Principle:Deepset ai Haystack Retrieval Recall Evaluation
Overview
Recall measures the proportion of relevant documents that were successfully retrieved from the total set of relevant documents. It answers the question: "Of all the documents that should have been found, how many were actually found?"
Domains
- Evaluation
- Information_Retrieval
Theoretical Foundation
Recall is defined as:
Recall = |relevant ∩ retrieved| / |relevant|
Where:
- |relevant ∩ retrieved| is the number of relevant documents that appear in the retrieved set.
- |relevant| is the total number of relevant documents (ground truth).
Recall Modes
In practice, recall can be measured in two distinct modes depending on the evaluation objective:
Single Hit Mode
Score = 1.0 if |relevant ∩ retrieved| > 0, else 0.0
This binary mode returns 1.0 if any relevant document was found in the retrieved results, and 0.0 otherwise. It is useful when finding at least one relevant document is sufficient (e.g., navigational search, simple QA).
Multi Hit Mode
Score = |relevant ∩ retrieved| / |relevant|
This proportional mode returns the fraction of relevant documents that were retrieved. It is useful when finding all relevant documents matters (e.g., comprehensive search, multi-document reasoning).
Key Properties
- Score range: 0.0 to 1.0 in both modes.
- Rank-agnostic: Unlike MRR and MAP, recall does not consider the order of retrieved documents.

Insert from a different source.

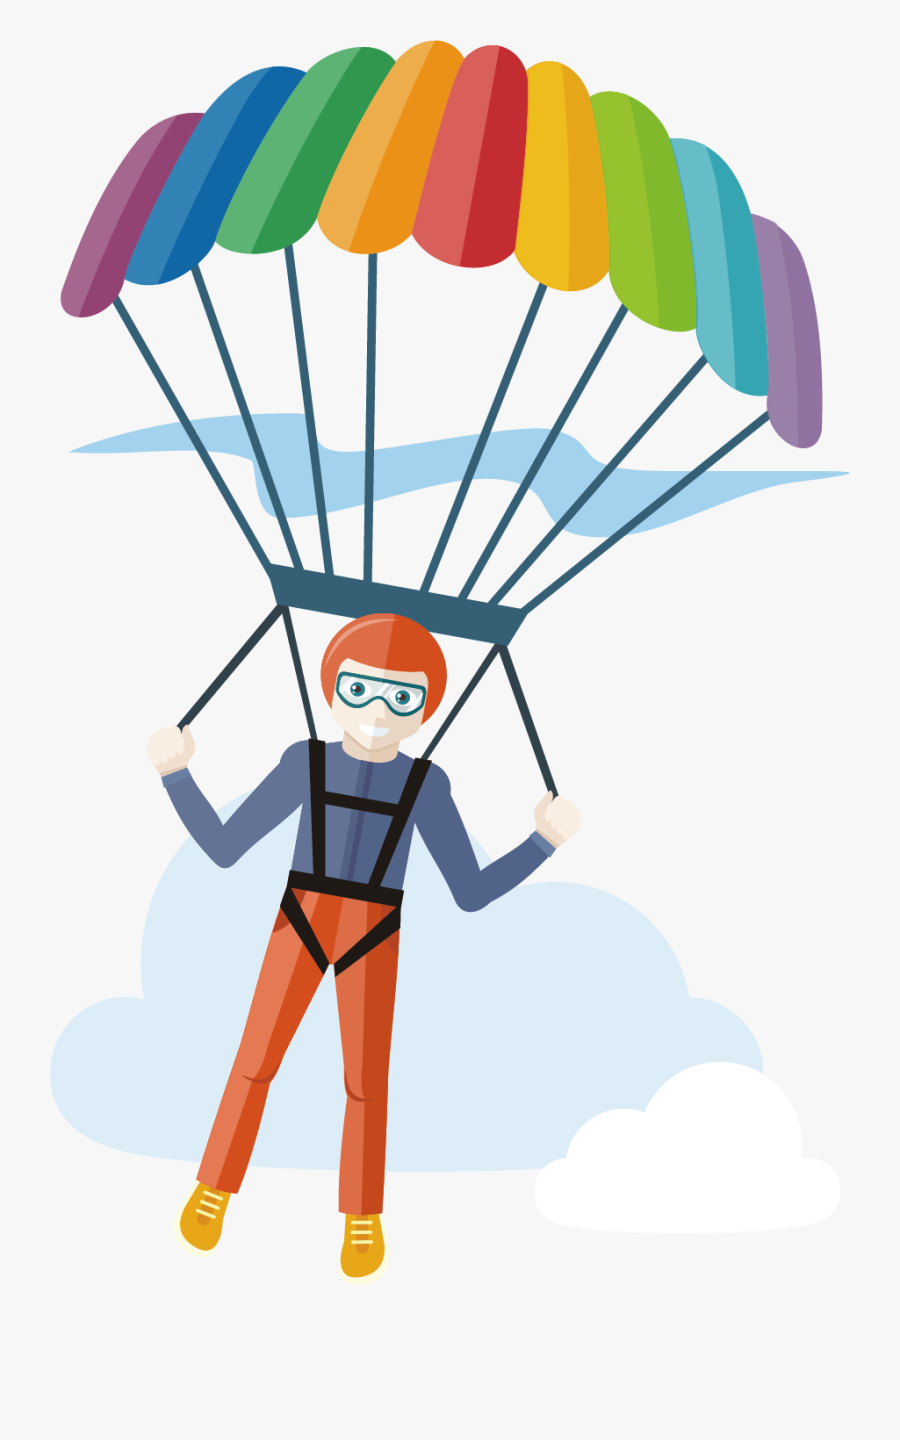 Transparent Parachute Png - Skydiver Cartoon With Transparent Background, Transparent Clipart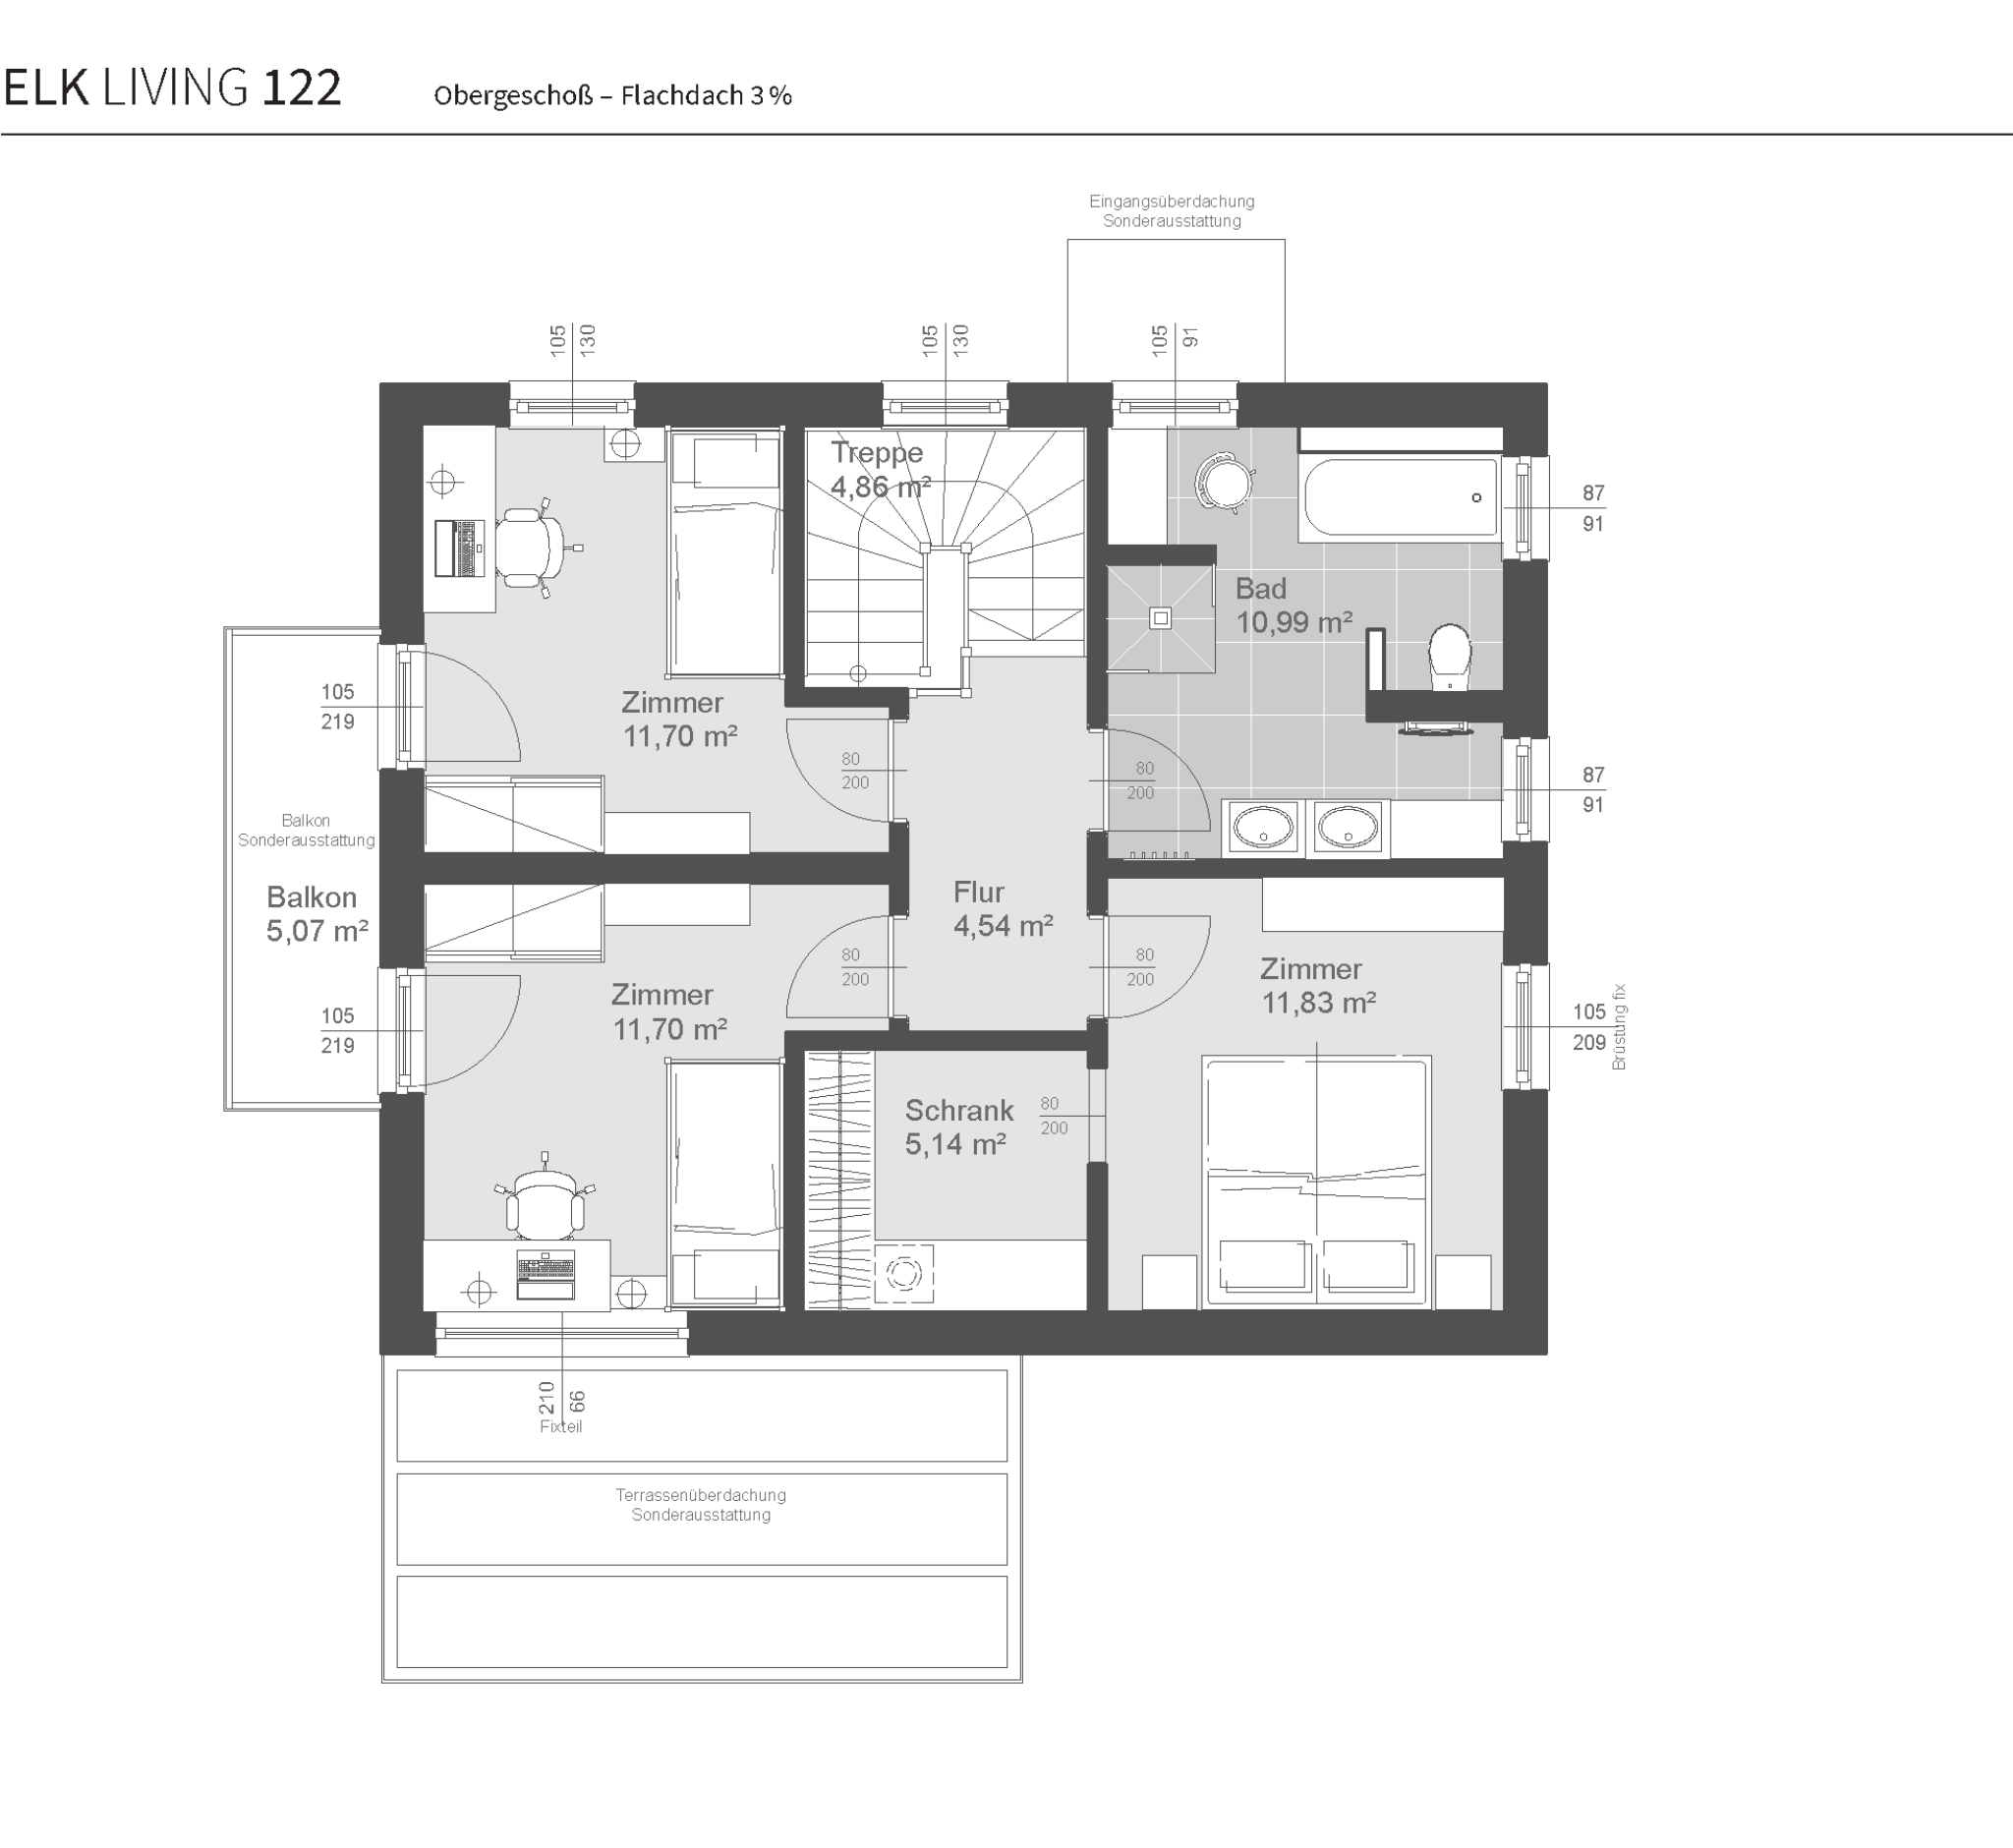 grundriss-fertighaus-elk-living-122-obergeschoss-flachdach3

A relevant document at rank 100 contributes the same as one at rank 1.
- Set-based: Recall operates on unique document content, avoiding double-counting duplicates.
When to Use Recall
- RAG pipeline evaluation: To ensure the retriever captures all necessary context.
- Multi-hop question answering: Where multiple documents are needed to compose an answer.
- Pipeline filtering assessment: To determine if filtering steps discard too many relevant documents.
Limitations
- Does not account for the ranking of results.
- Does not penalize retrieving many irrelevant documents (use precision or MAP for that).
- In single hit mode, cannot distinguish between retrieving 1 vs. all relevant documents.
Relationship to Implementation
In the Haystack framework, this principle is realized by the DocumentRecallEvaluator component, which:
- Supports both SINGLE_HIT and MULTI_HIT modes via the
RecallModeenum. - Accepts lists of ground truth and retrieved documents per query.
- Returns both individual per-query scores and the aggregated recall score.
Related Principles
- Retrieval MRR Evaluation -- focuses on the rank of the first relevant result.
- Retrieval MAP Evaluation -- combines precision and ranking for all relevant results.
References
- Manning, C. D., Raghavan, P., & Schutze, H. (2008). "Introduction to Information Retrieval." Cambridge University Press.